Este desmoronamento prejudicou na época 166 famílias da região, que como alternativa passou a suar outros caminhos, como a ponte do Passo do Touro, de competência municipal. Entretanto esta também veio abaixo no período de chuvas, sendo o acesso então feito pela ponte do "Gringo", pelos moradores.

As principais reclamações dos prefeitos da cidades vizinhas eram sobre prejuízos com a colheita da soja, em função dos problemas de acesso. O governador voltou a dizer nesta sexta-feira (17), que desde quando a ponte caiu, sua equipe tem feito os esforços necessários para resolver o problema, mas encontrou um impasse jurídico pela frente.

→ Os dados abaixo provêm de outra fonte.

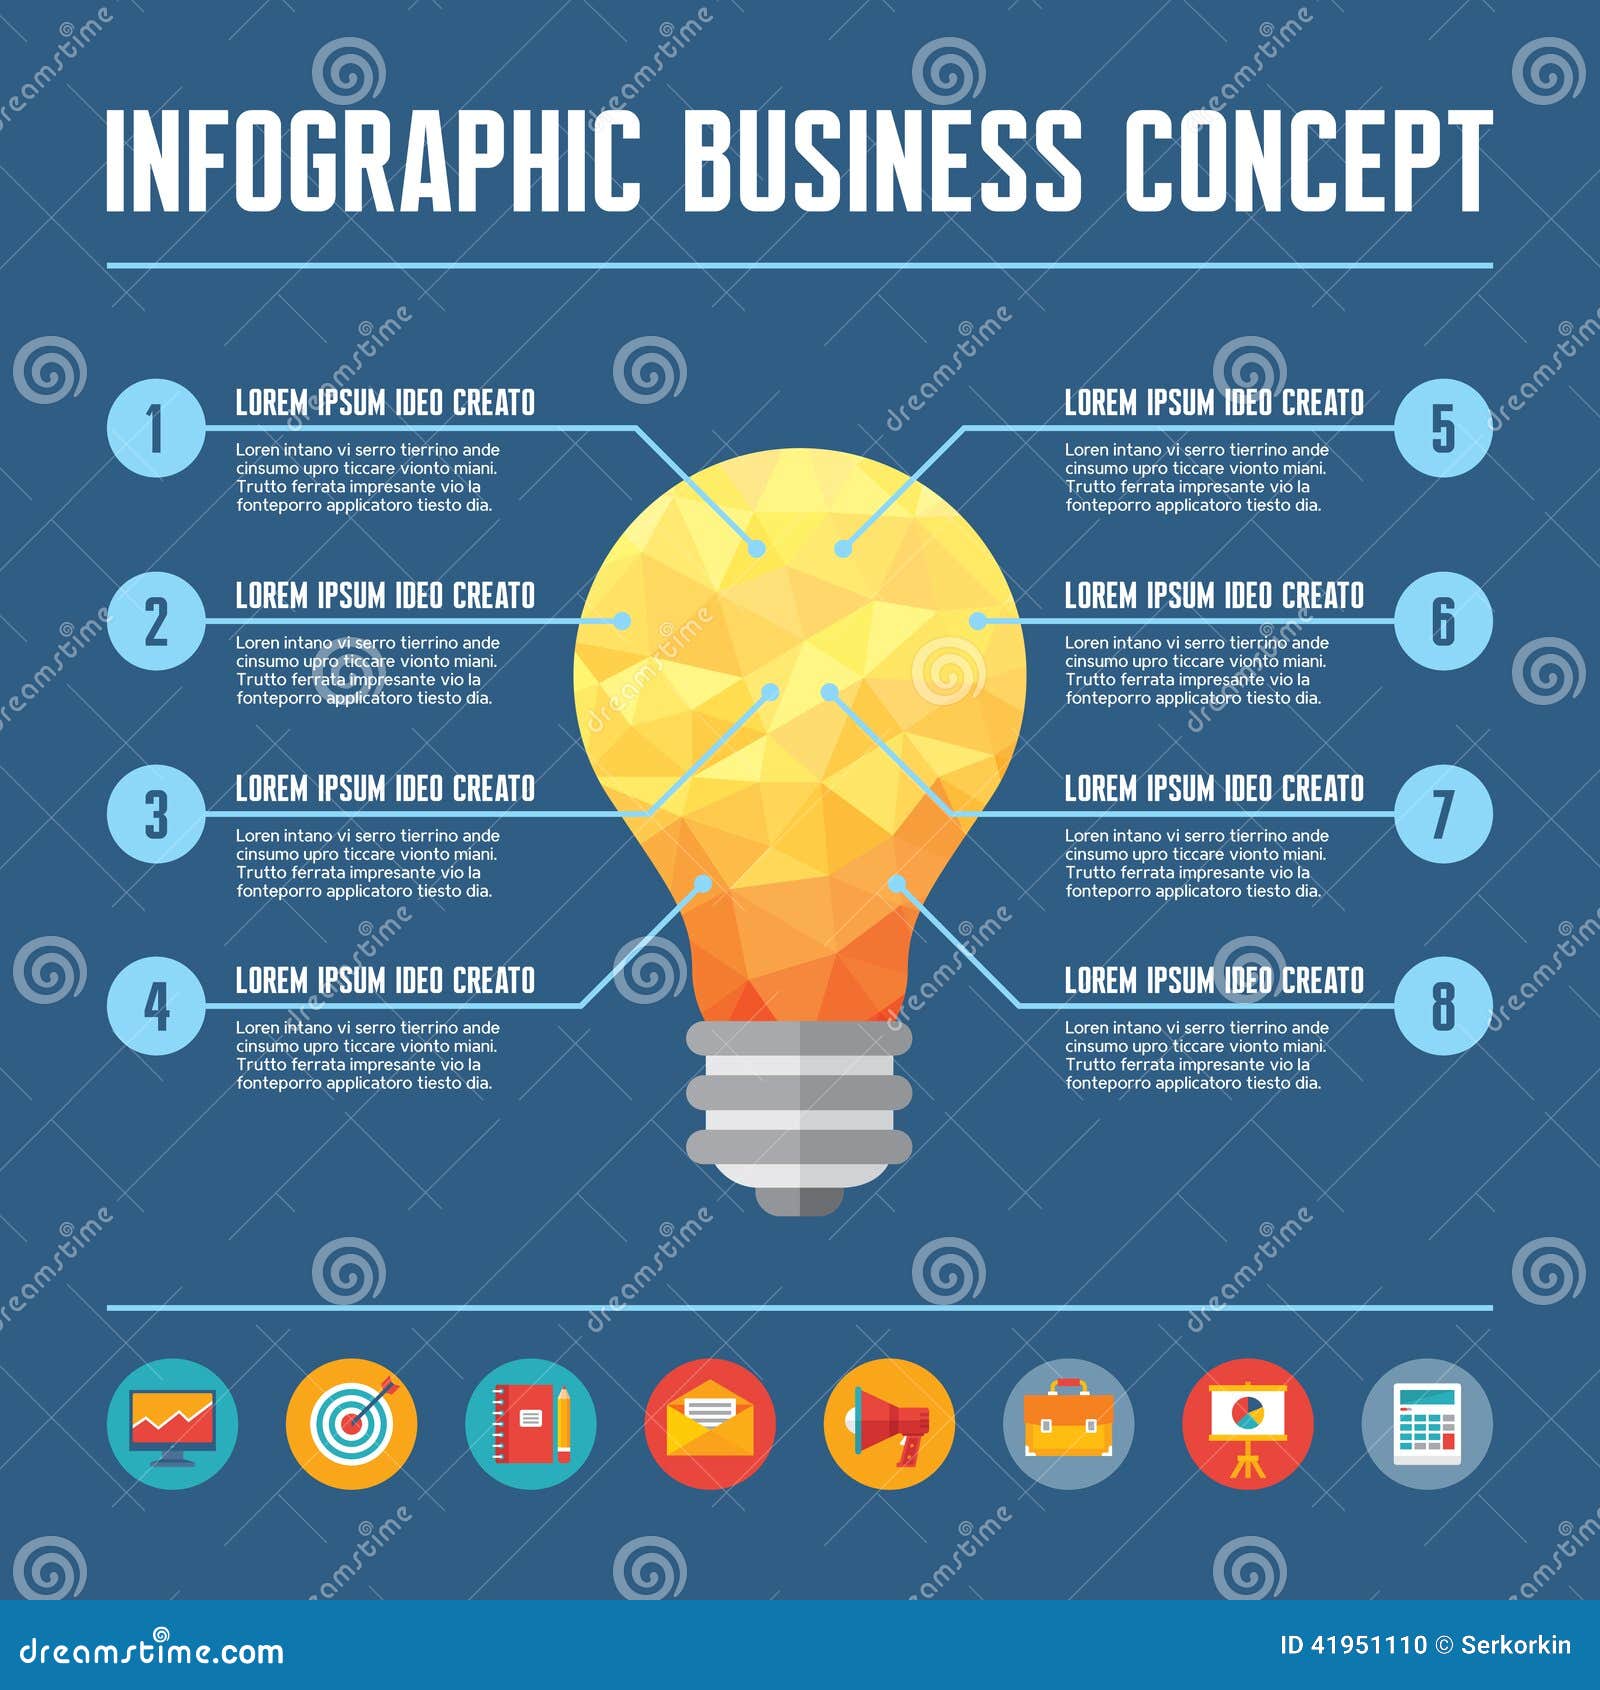 Infographic Business Concept - Creative Idea Illustration Stock Vector

Histórico - A ponte de concreto tinha 72 metros de comprimento e 5 metros de largura e foi inaugurada em abril de 2012. Foi construída com recursos federais, advindos do Ministério da Integração Nacional. Em janeiro de 2016, ela desabou após um deslizamento de terra, que fez a cabeceira da construção vir a abaixo, derrubando toda extensão em efeito dominó.

Em julho de 2011, a Agesul (Agência Estadual de Gestão de Empreendimentos) contratou a Wala Engenharia Ltda para execução da obra ao custo de R$ 1.252.913,52. A empresa teve o prazo de seis meses para entrega da ponte.

Este recurso fazia parte de um programa para reconstrução de 37 pontes em Mato Grosso do Sul, que tinham sido danificadas em função das chuvas fortes em 2011. As obras foram realizadas na gestão, do então governo, de André Puccinelli (PMDB).